= Gwen Catley =

English coloratura soprano (1906–1996)

Gwendoline Florence Catley (9 February 1906 – 12 November 1996) was an English lyric coloratura soprano who sang in opera, concert and revues. She often sang on radio and television, and made numerous recordings of songs and arias, mostly in English. She was renowned for the clarity and agility of her voice particularly in florid parts, and her English diction was outstanding.

==Biography==
Catley was born in London in 1906. She studied at the Guildhall School of Music, where her chief singing teacher was the tenor Walter Hyde. Her other teachers included Sir Granville Bantock, Jenny Hyman and, privately, Julian Kimbell. The school's principal, Sir Landon Ronald, who had been Dame Nellie Melba's accompanist, said Catley reminded him of Melba. She won the Gold Medal but was prevented from accepting it by her father. She later won it again. In 1937 she sang with Sadler's Wells Opera, as the Queen of the Night in Mozart's The Magic Flute and Nannetta in Verdi's Falstaff. After a successful and sold-out 1938 debut at the Wigmore Hall, which Landon Ronald sponsored, she joined the BBC Chorus. She had a successful career, singing with the leading British orchestras.

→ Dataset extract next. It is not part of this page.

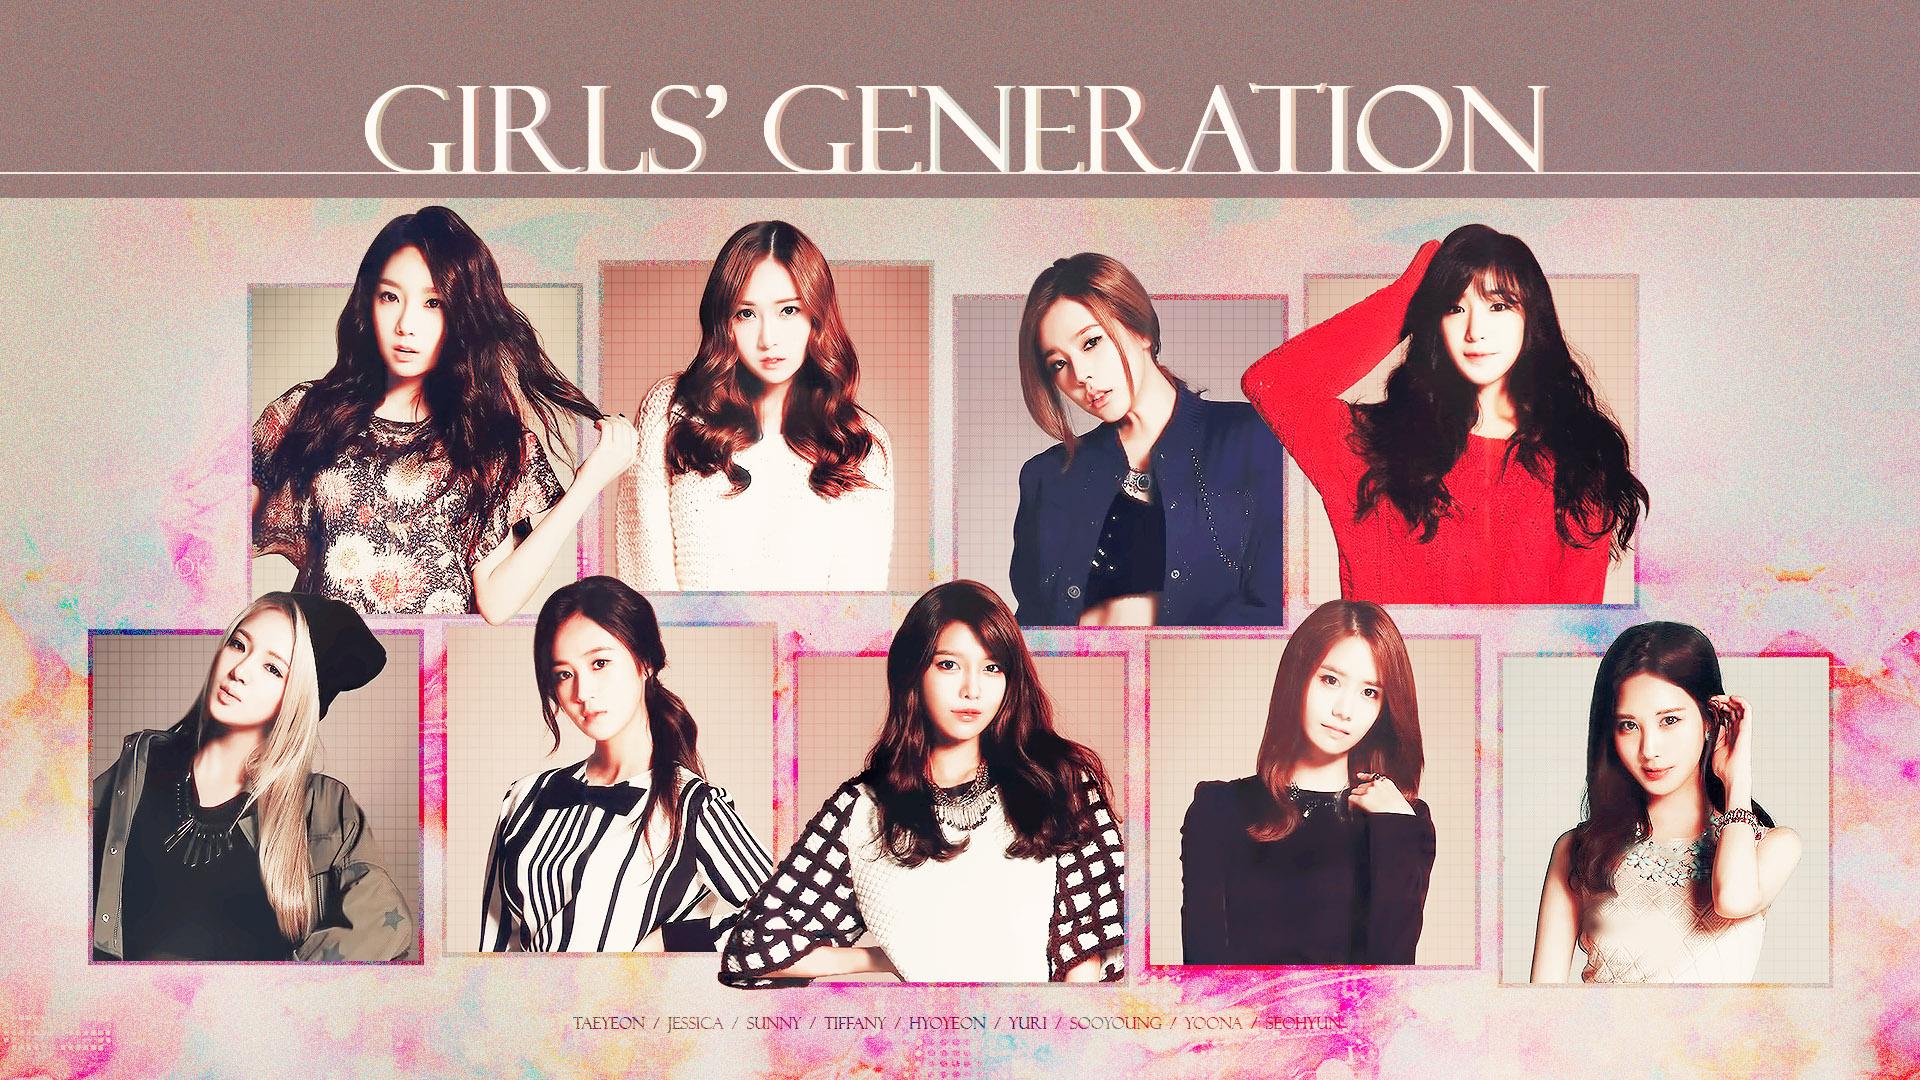 Snsd Wallpaper Girls Generation Members 2018 290401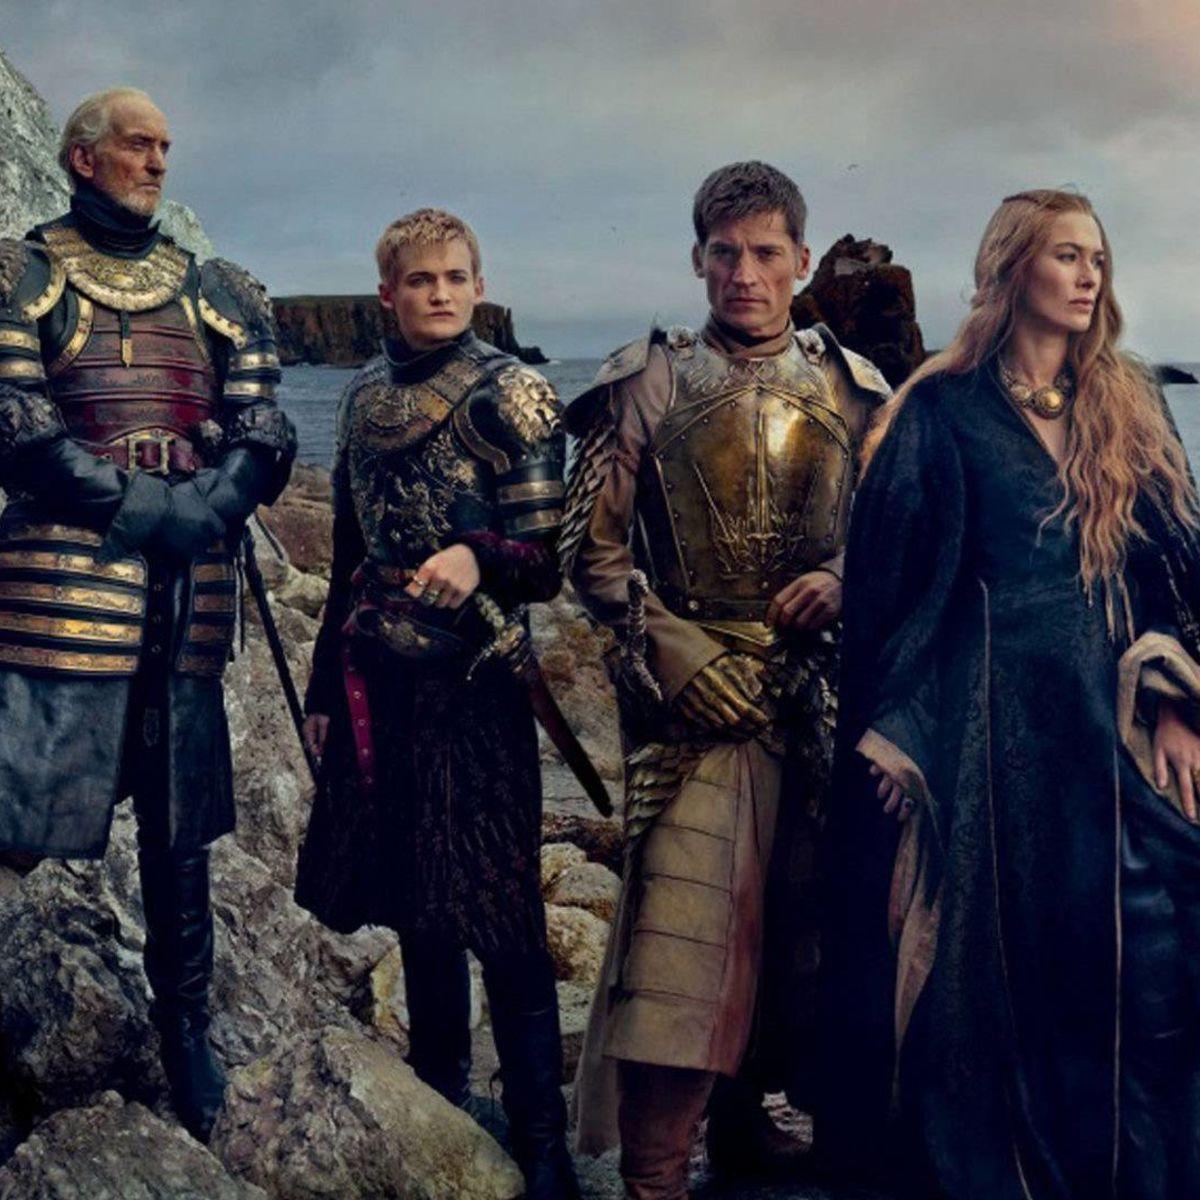 game-of-thrones-cast.jpg

In World War II she sang for a year in Jack Hylton's revue Hi-de-Hi, where she was famed for her performances of "Caro nome" from Verdi's Rigoletto. She also sang Gilda with the Carl Rosa Opera Company during the war. In 1949 she sang Catherine Glover in a BBC studio broadcast of Bizet's The Fair Maid of Perth, with Richard Lewis as Henry Smith and conducted by Sir Thomas Beecham. She continued singing with the Carl Rosa company till 1957. In 1953 she took part in the first British broadcast of Stravinsky's The Rake's Progress. She often worked with the conductors Stanford Robinson and his brother Eric Robinson, who together account for many of her recordings.

She retired to Italy with her cellist husband Allen Ford, with whom she had a son. She returned to Britain to teach, her students including Judi Dench for a production of Cabaret.

Gwen Catley died in Hove on 12 November 1996, aged 90.

Many of her recordings are still available. They include a Witch in the first complete recording of Purcell's Dido and Aeneas, with Nancy Evans (Dido), Roy Henderson (Aeneas), conducted by Clarence Raybould. She appears on The Record of Singing: Volume 4, The Anglo-American School.